AIDS. 2003 May 2;17(7):987-99. doi: 10.1097/00002030-200305020-00007.

Abstract

Objective: To compare one protease inhibitor (PI)-based and two PI-sparing antiretroviral therapy regimens.

Methods: International, open label, randomized study of antiretroviral drug-naive patients, with CD4 lymphocyte counts >/= 200 x 106 cells/l and plasma HIV-1 RNA levels > 500 copies/ml. Treatment assignment to stavudine and didanosine plus indinavir or nevirapine or lamivudine. Primary study endpoint was the percentage of patients with plasma HIV-1 RNA levels < 500 copies/ml after 48 weeks in the intention-to-treat analysis (ITT).
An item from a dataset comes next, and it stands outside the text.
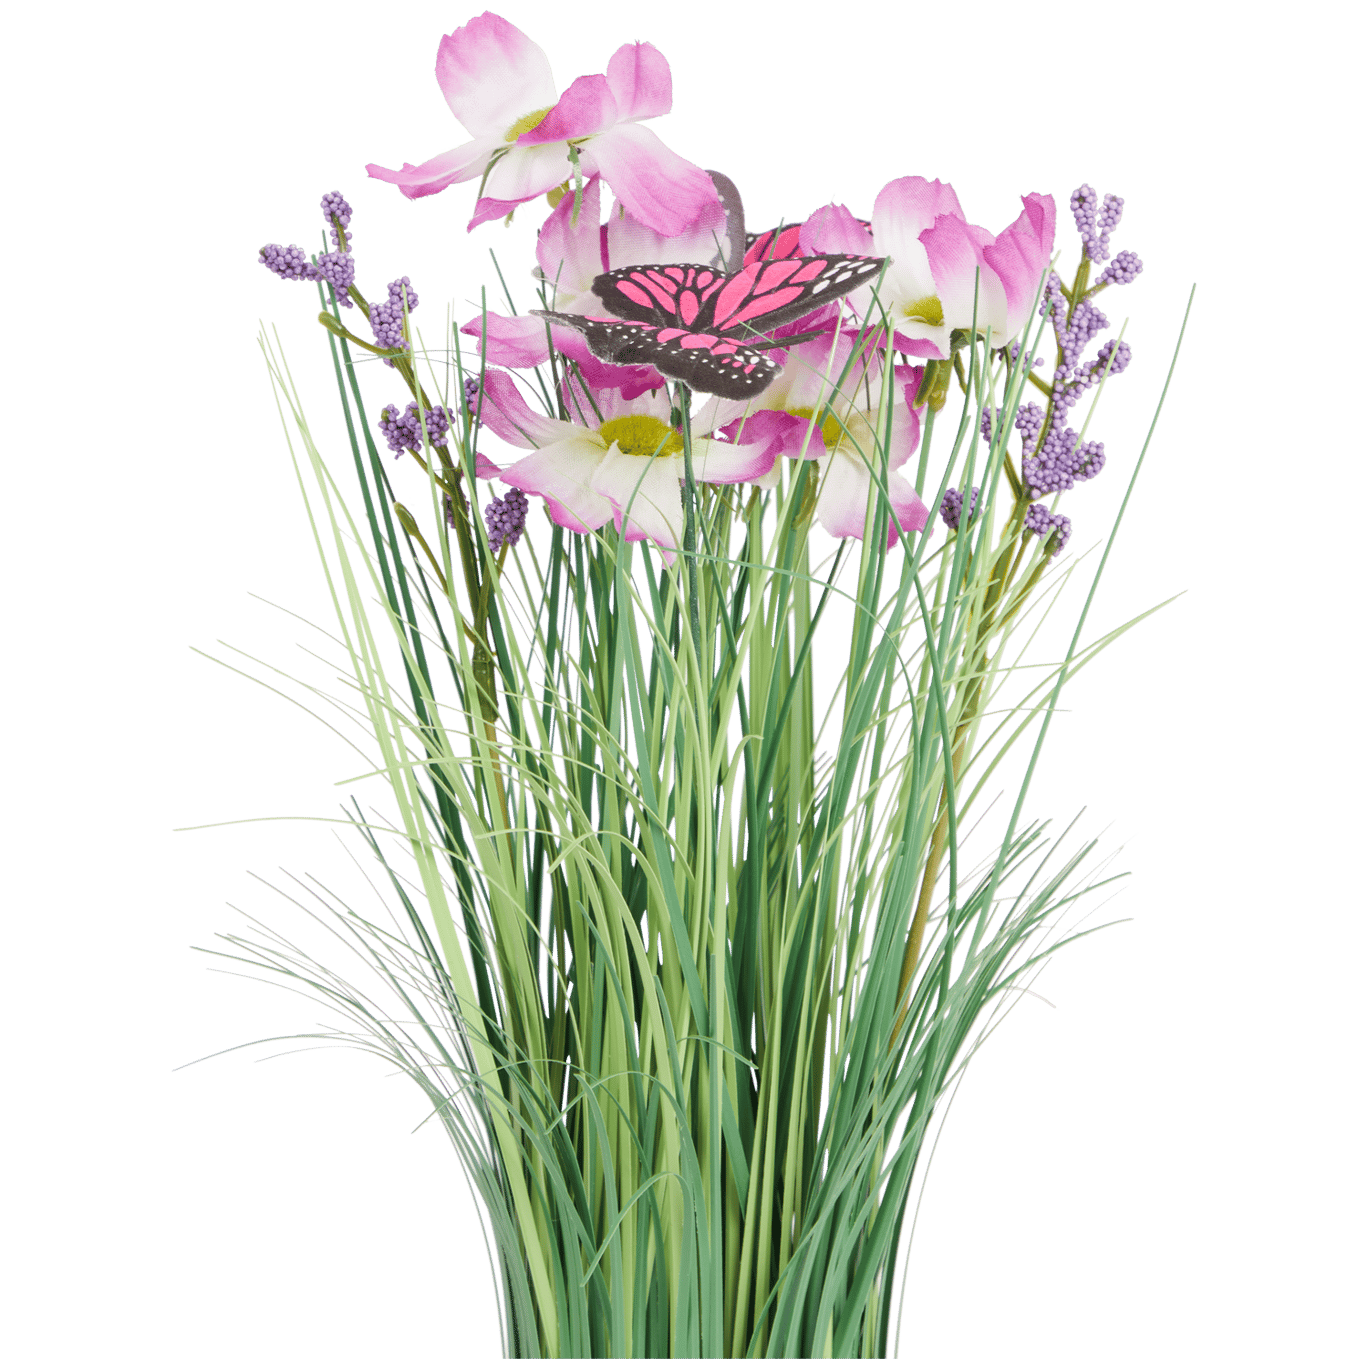 Briznas de hierba con flores y mariposas

Results: In total, 298 patients were enrolled. After 48 weeks, the percentage of patients in the indinavir, nevirapine and lamivudine arms with HIV-1 RNA < 500 copies/ml was 57.0%, 58.4% and 58.7%, respectively, in an ITT analysis. After 96 weeks of follow-up, these percentages were 50.0%, 59.6% and 45.0%, respectively. The percentage of patients with HIV-1 RNA < 50 copies/ml was significantly less for those allocated to lamivudine in an on-treatment analysis after 48 and 96 weeks of follow-up. Patients in the nevirapine arm experienced a smaller increase in the absolute number of CD4 T lymphocytes. There were no significant differences in the incidence of serious adverse events.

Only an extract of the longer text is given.